Exactamente el 1 de agosto de 1971, mi familia y yo pasamos nuestro primer verano en El Rompido. El azar nos llevó a este paraíso del suroeste español, donde fuimos inmensamente felices durante medio siglo, es decir, 50 veranos. El año 2022 marcó nuestra despedida, ya que la salud dejó de acompañarnos.
Cuando lo conocimos por primera vez, El Rompido significaba tranquilidad y belleza. Recuerdo que, después de cenar, si queríamos sumarnos a la alegría de las noches veraniegas, teníamos que desplazarnos hasta Punta Umbría. Ahora las cosas son muy distintas: han aparecido clubes náuticos y una gasolinera; una cómoda barcaza, La Cartayera, cruza varias veces al día la ría para transportar a los visitantes que no tienen embarcación; la oferta gastronómica de El Rompido es excepcional, y un sinfín de comodidades modernas han situado a este pueblo, inicialmente marinero, en primera línea del turismo de calidad. Sin embargo, la evolución actual de su urbanismo está desdibujando su espíritu original, aquel que en su momento intentó preservar un avispado alcalde llamado Juan Antonio Millán Jaldón.

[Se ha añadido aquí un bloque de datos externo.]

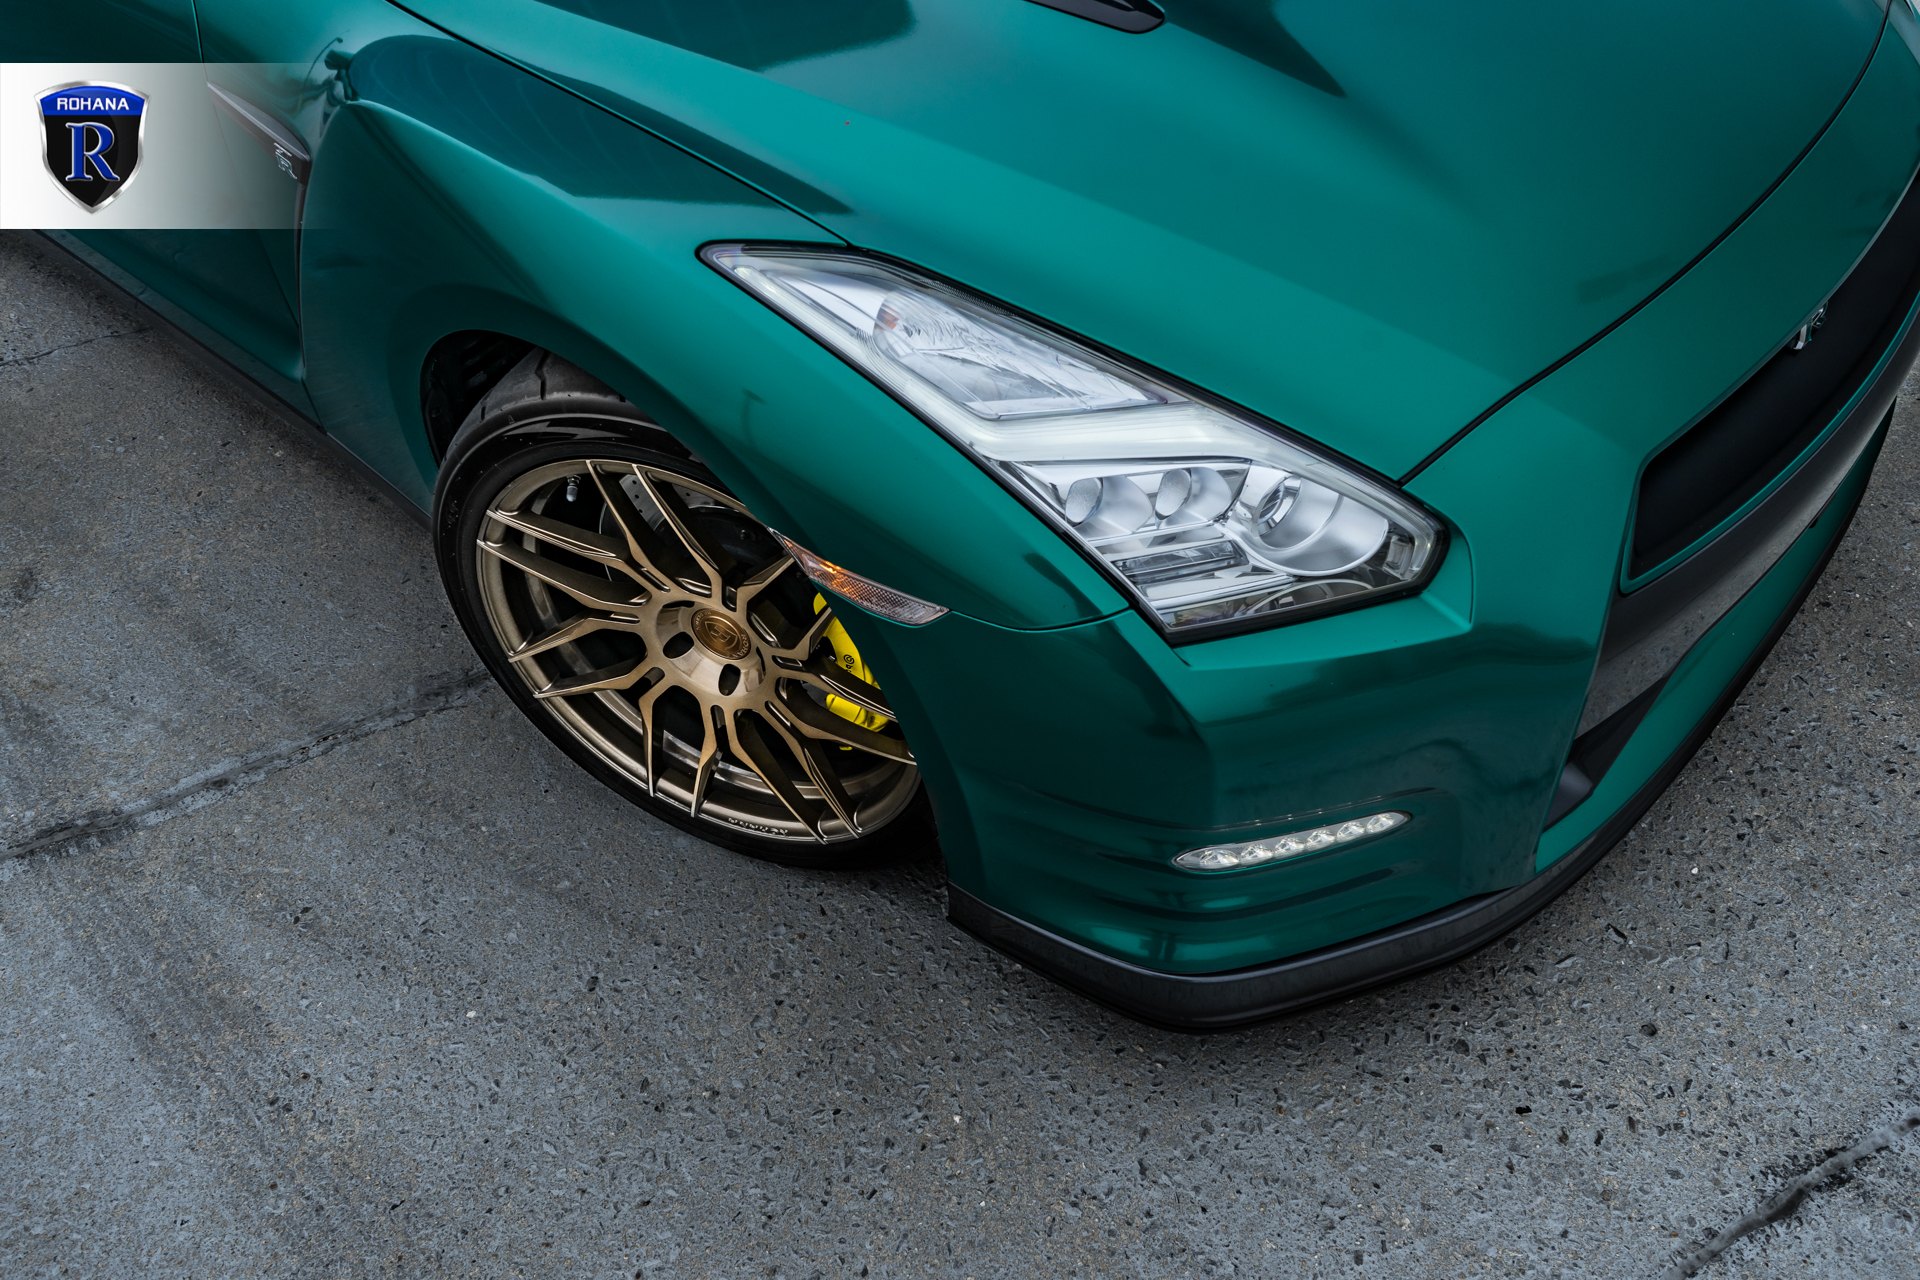 Bronze Rohana Rims with Brembo Brakes on Green Nissan GT-R - Photo by Rohana Wheels

Cuando se terminen de construir las obras que hoy están en marcha (y muchas otras en proyecto), durante los meses de verano, las dimensiones de la ría resultarán insuficientes; en los clubes náuticos escasearán los pantalanes; en el centro faltarán plazas de aparcamiento y los veraneantes desayunarán apretujados en los bares. Y lo que más me fastidia es que alguien pueda pensar que, cuando diseñé nuestro chalé y luché por conservar trece de los pinos existentes en nuestra parcela, el mamotreto vecino ya estaba allí. Me refiero al Proyecto Urbanístico La Galera: una mole de cemento en construcción que, en absoluto, ha tenido en cuenta los chalés colindantes.